Processing accuracy and speed can be achieved according to the present invention through the use of a filter 28, denominated herein as “E-Space” 28 for each category. An individual E-Space 28 for each individual category can be built from representative sets of event relevant documents mined from the Web 22 by the Web crawler. Latent Semantic Indexing (LSI), as described in U.S. Pat. No. 4,839,853, entitled COMPUTER INFORMATION RETRIEVAL USING LATENT SEMANTIC STRUCTURE, issued to Deerwester, et al. on Jun. 13, 1989 (the disclosure of which is hereby incorporated by reference), can be used to extract a category specific representation of a relevant document, e.g., a concept 30, defining a sub-space that forms a compact representation for the set of relevant documents for a given event category, i.e., “E-Space” filter 28 (i.e., an “Essential Keyword Space,” or in the case of the specific example discussed herein an “Event Space”). This sub-space 30 represents the essence of the “concept” behind any given event category (such as “golf” or “music”). Another useful feature of the automatic creation of E-Space filter 28 is that essential keywords for a category can be automatically extracted as a by-product. For a given document (mined by the web-crawler 24), the E-Space 28 filter can be used to determine if the document belongs to any of a set of relevant category-specific learned concept sub-spaces, i.e., is a member document or not. If the document is identified as a member of a respective one of the learned concept sub-spaces 30, then a corresponding set of event keywords can be extracted from that particular document in block 36. All non-member documents can be rejected with only the member documents passing on 34 to the concept-based TLE extraction unit 36. E-Space 28 filter can then be viewed as a filter that facilitates the processing of only relevant application specific multidimensional information documents, e.g., event documents.
Event keywords corresponding to an accepted (learned) concept 30 can be selected from relevant documents that are determined to be in the sub-space 30 in module 32. These keywords can then be input at 34, along with the member documents, into a core processing module, i.e., the concept-based TLE extraction module 36, which can be responsible for both event detection and event extraction.
Turning now to FIG. 2 there is shown a flow diagram of an embodiment of the present invention.
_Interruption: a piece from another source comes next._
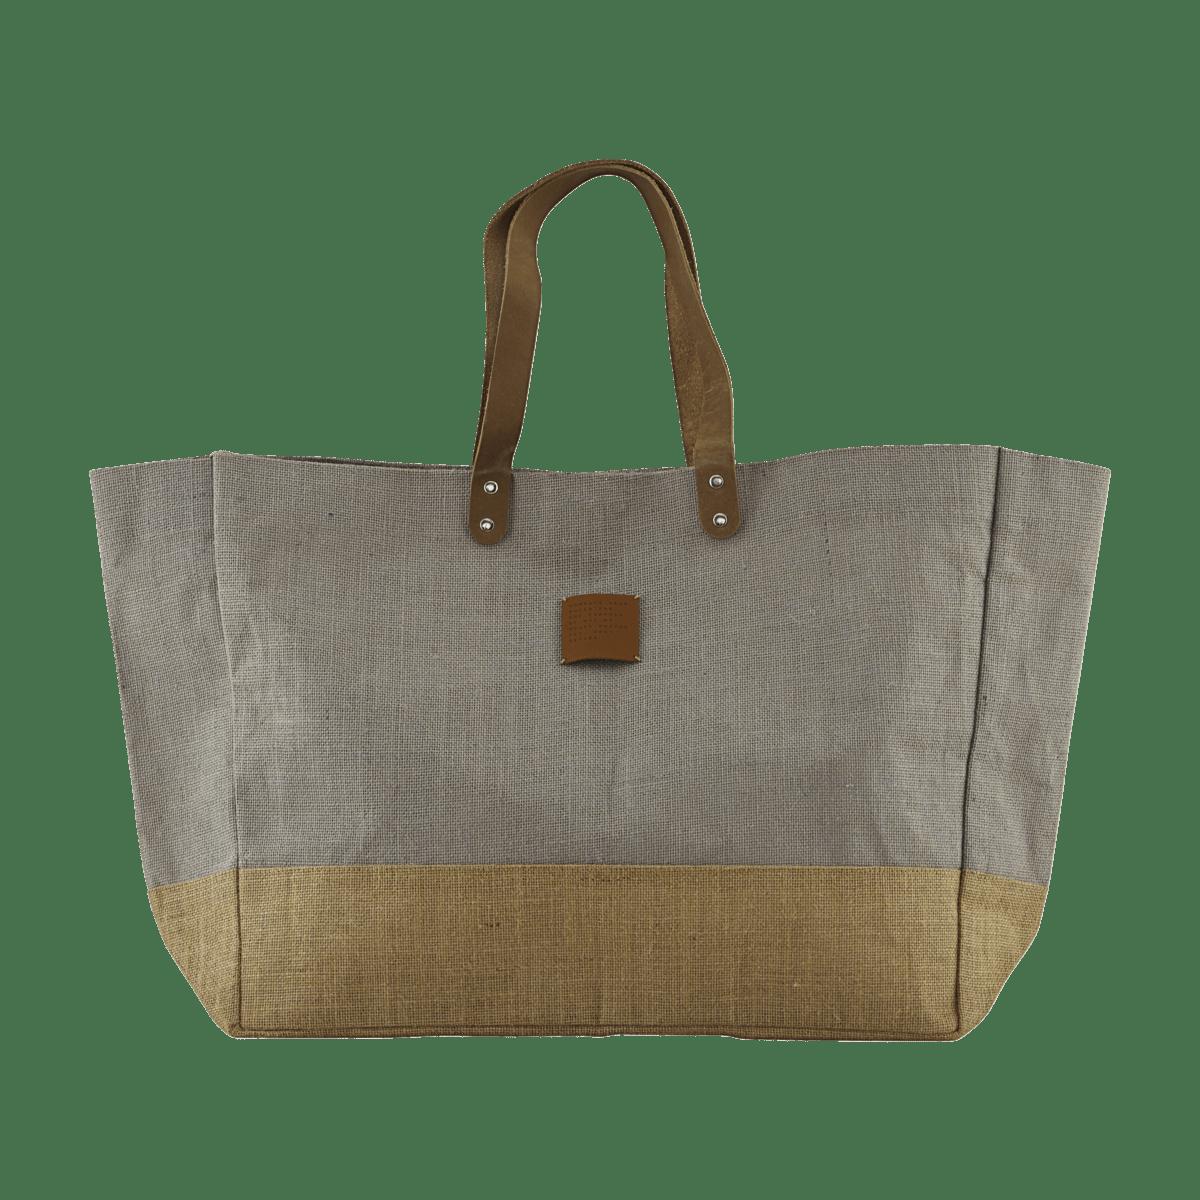 Sada 2 ks − Šedá nákupní taška Carrie

The web crawler 24 produces documents that are category relevant, based upon seeding of e.g., a particularly pertinent web-site or web-sites, or simply key words utilized by the web-crawler 22 as a search agent for searching for documents that match the search criterion input into the web crawler 22. Each document selected by the web crawler 22 can be classified as a dense or sparse event page, depending, e.g., on the density of time and location information found in the page. For example, if the page contains many occurrences of terms such as days of the week, i.e., “Sunday”, “Monday” etc., as well as terms relating, e.g., to location, e.g., “Omaha”, “CA” etc., then the page can be classified as a dense page in block 60. Dense pages normally contain event information in tabular form. The detection of events can be primarily based on the co-occurrence patterns of the “T,” “L” and “E” multidimensional data components identified within the text of dense event page(s) in block 70. By taking advantage of cues available in the form of tags in some of the existing markup languages such as HTML and XML, the presence of which may be determined in block 58, the present invention can process both sparse and dense event pages by using these tags to extract event information in block 80.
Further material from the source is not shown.